Te słowa padają z ust nie tylko każdego mężczyzny! Jeśli chodzi o tatuaż i słońce to jego wielkość nie ma najmniejszego znaczenia. Liczy się ona tylko w czasie procesu gojenia – mniejszy leczy się szybciej. Mały tatuaż też może zostać skrzywdzony przez słońce. Dlaczego? Bo przecież jest mały – zatem z większą nonszalancją podchodzimy do dbania o niego. 

To szczególnie ważne, gdy nasz tatuaż to cienkie kreski – mandale, fine line, niewielkie dotworki – ponieważ operujące promienie nie są precyzyjne jak laparoskopowy laser. Bliżej im raczej do chlastania na oślep jak ułańską szabelką. Tym gorzej, że cienka linia po długotrwałej ekspozycji w bardziej ruchliwym miejscu… lubi się rozlać jak Rosja po mapie.

Jak unikać słońca

Można wychodzić tylko w nocy, ale jak to wytłumaczyć szefowi? Zadajmy sobie pytanie – czy po to przewalaliśmy pół pensji i taczkę cebulionów na tatuaże, by wystawiać je na palące i niszczące słońce? Może nie wypiecze nam ich ono po kwadransie smażenia boczków na ręczniku, ale długotrwałe, intensywne opalanie na pewno nie pomoże w utrzymaniu kolorów. Dlaczego? Bo na ciemnej skórze tatuaż staje się mniej widoczny. Nie, że blaknie – wbity w głębokie warstwy skóry tusz wciąż jest soczyście intensywny jakby był wbijany dnia poprzedniego. Po prostu płytsze warstwy skóry i naskórek ciemnieją, łuszczą się i przesuszają skrywając tatuaż pod warstwą mniej atrakcyjnego zewnętrza. Trochę jak przyciemnianie szyb w becie – przechodzień nie wie, kto znajduje się w środku, a ci w środku to wciąż te same paweły i sebixy, co przed zatrzaśnięciem klamki.
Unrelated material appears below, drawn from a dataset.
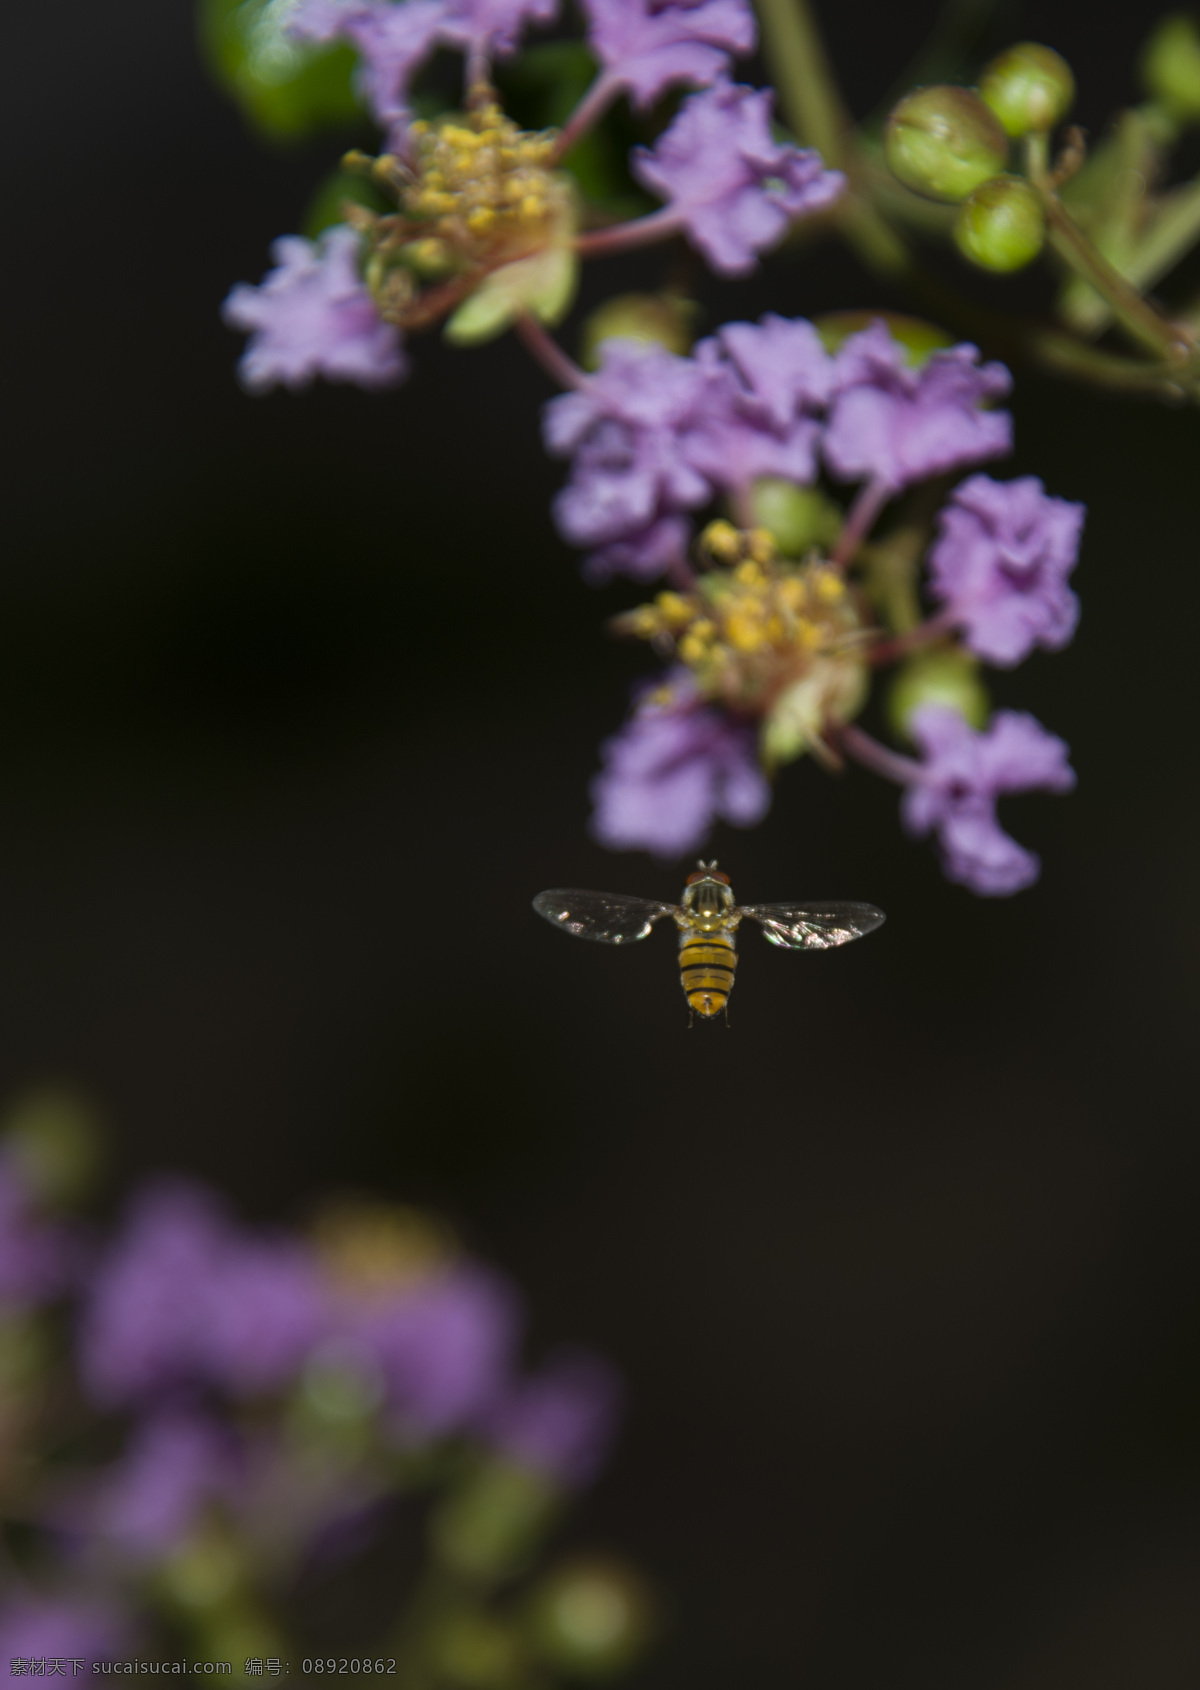 蜜蜂 丁香花 飞行 昆虫 忙碌 蜜蜂采蜜 生物世界 花蜜 飞在花丛中 紫丁香

No i jak unikać słońca latem?! Odpowiedź brzmi – nie da się w stu procentach. A czemu lepiej unikać robienia tatuaży latem? Nie tylko dlatego, że trudno je ukryć, ale także dlatego, że gorzej się goją. Wysoka temperatura, krew, otwarta rana, duża wilgotność zwiększa szansę na infekcję i zakażenie świeżego tatuażu czymś paskudnym. A zbyt szybka ekspozycja na słońce zwiększa kilkunastokrotnie ryzyko poparzenia słonecznego. A wtedy pojawią się niechciane bąbelki. I strupy. I tusz może zejść razem z nimi. Primo, że będzie trzeba dłużej czekać na gojenie. Secundo, że tatuaż trzeba będzie poprawiać. Tertio, że szkoda kabony. Quatro, że mogą powstać blizny. Quinto, że dopiero w kolejnym sezonie nasze bikini body będzie w pełni gotowe na pełny wymiar ekspozycji. Dlatego zasada jest prosta – jak już robimy to także chronimy. Najlepiej Tattoo Sunscreen’em SPF50.

 

Podsumowanie

Trudno powstrzymać chęć pokazania nowego tatuażu latem. Bo przecież właśnie wtedy zrzucamy z siebie zimowe warstwy – jeśli nie nadprogramowego wymiaru, to przynajmniej ubrań. Starajmy się unikać słońca – jakkolwiek naiwnie to nie zabrzmi, jest to metoda najskuteczniejsza. Jak się nie da – smarujmy tusz wysokim filtrem. Pamiętajmy – na zewnątrz z tatuażem wychodzimy tylko po pięćdziesiątce.